PostgreSQL 11 内核优化 - 降低vacuum cleanup阶段index scan概率 ( vacuum_cleanup_index_scale_factor , skip index vacuum cleanup stage)

本文涉及的产品
云原生数据库 PolarDB MySQL 版,Serverless 5000PCU 100GB
云原生数据库 PolarDB 分布式版,标准版 2核8GB
云数据库 RDS MySQL Serverless,0.5-2RCU 50GB
简介: PostgreSQL 11 内核优化 - 降低vacuum cleanup阶段index scan概率 ( vacuum_cleanup_index_scale_factor , skip index vacuum cleanup stage)

背景

在执行vacuum时,有一个cleanup阶段,以往,不管这个阶段是否需要清理PAGE,只要表上面有索引,就需要对这个表的索引全部扫描一遍。

今天,PG 11版本,增加了一个GUC参数vacuum_cleanup_index_scale_factor,以及btree索引参数vacuum_cleanup_index_scale_factor。

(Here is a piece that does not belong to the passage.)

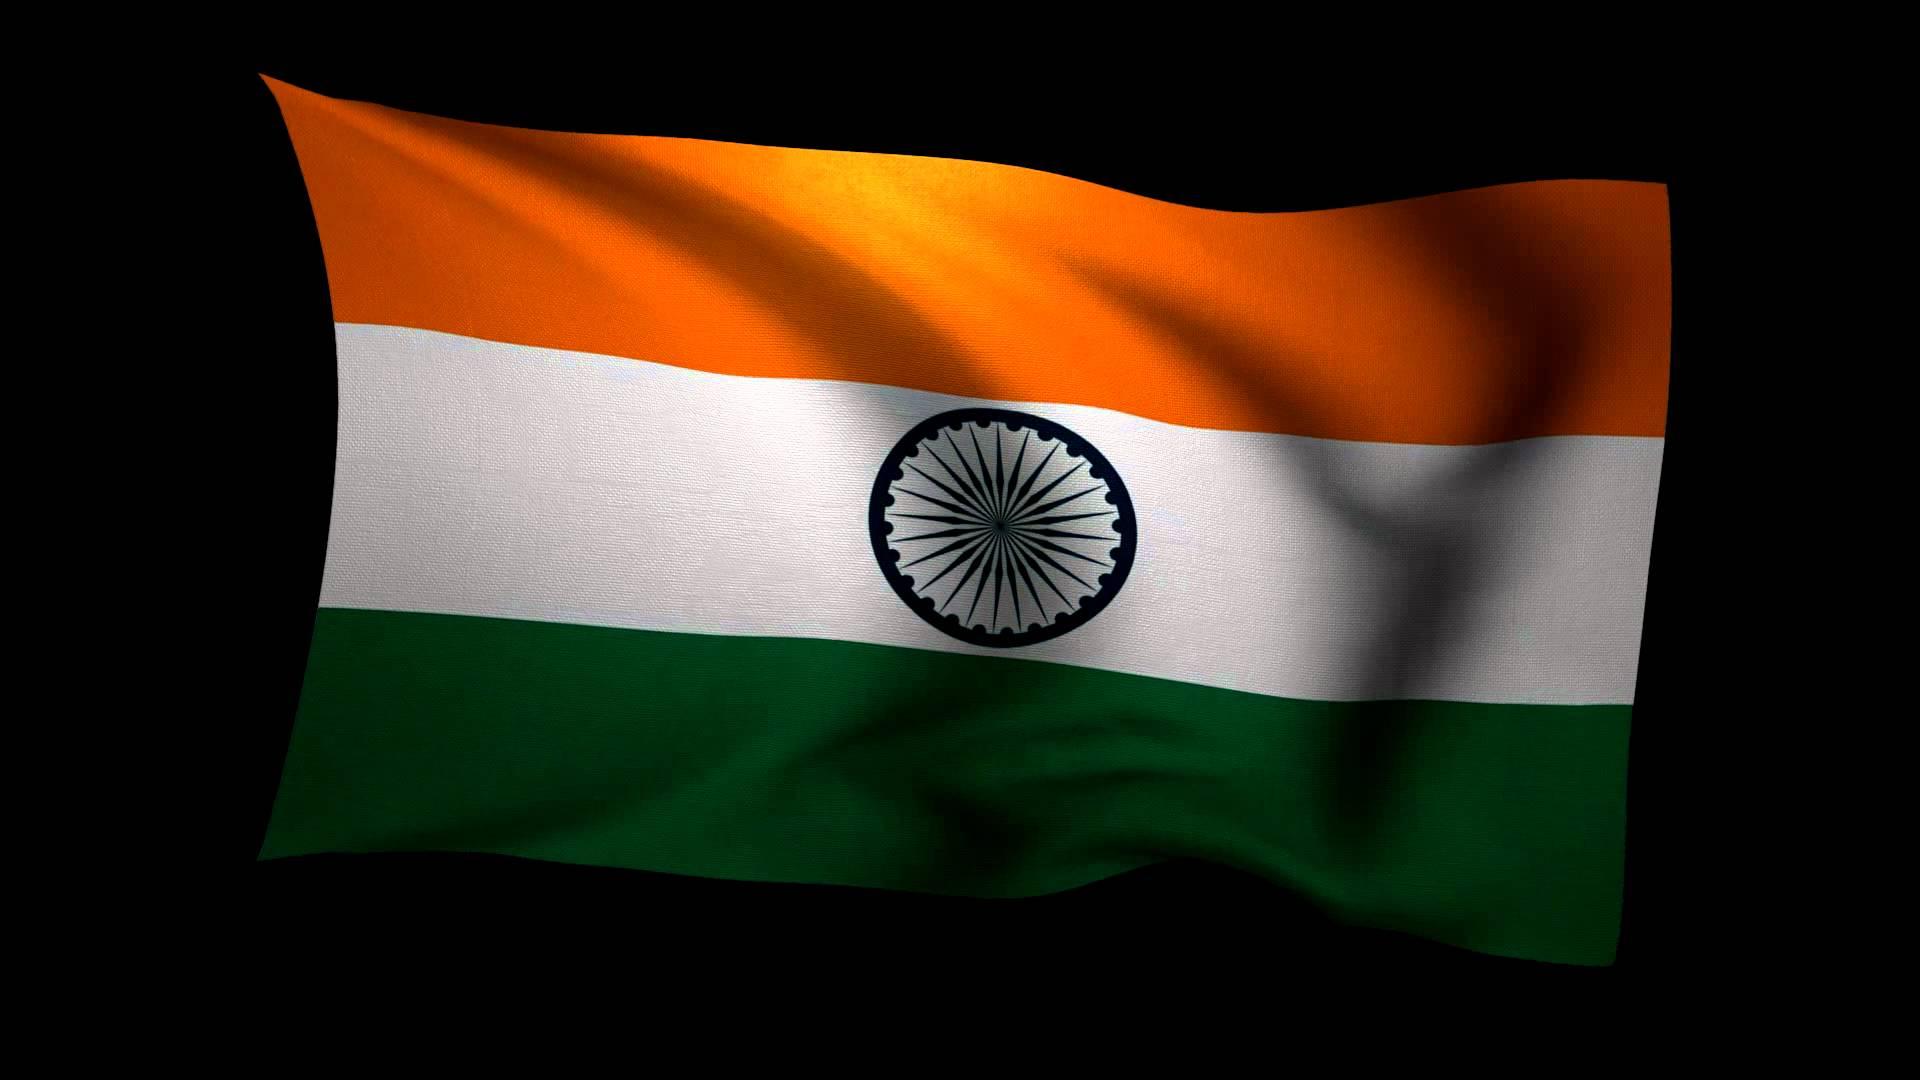 Indian National Flag Wallpaper 3D - WallpaperSafari Indian Flag Animated Wallpaper 3d

在btree index meta page上存储了当前表有多少条记录(仅仅当vacuum时发现整个表没有dead tuples(取自pg_stat_all_tables这种统计计数器)时更新meta page),当

1、((表上的 pg_stat_all_tables insert 计数器 - meta page)/meta page) 大于 vacuum_cleanup_index_scale_factor 时,vacuum cleanup阶段才需要SCAN INDEX,更新INDEX stats信息(包括meta page计数器信息)。

2、有deleted pages that can be recycled during cleanup需要清理时,必定要scan index pages.

因此,对于大量INSERT,没有UPDATE,DELETE操作的表的VACUUM,或者常规静态表的VACUUM会快很多,因为不需要SCAN INDEX了。

背景技术

vacuum_cleanup_index_scale_factor (floating point)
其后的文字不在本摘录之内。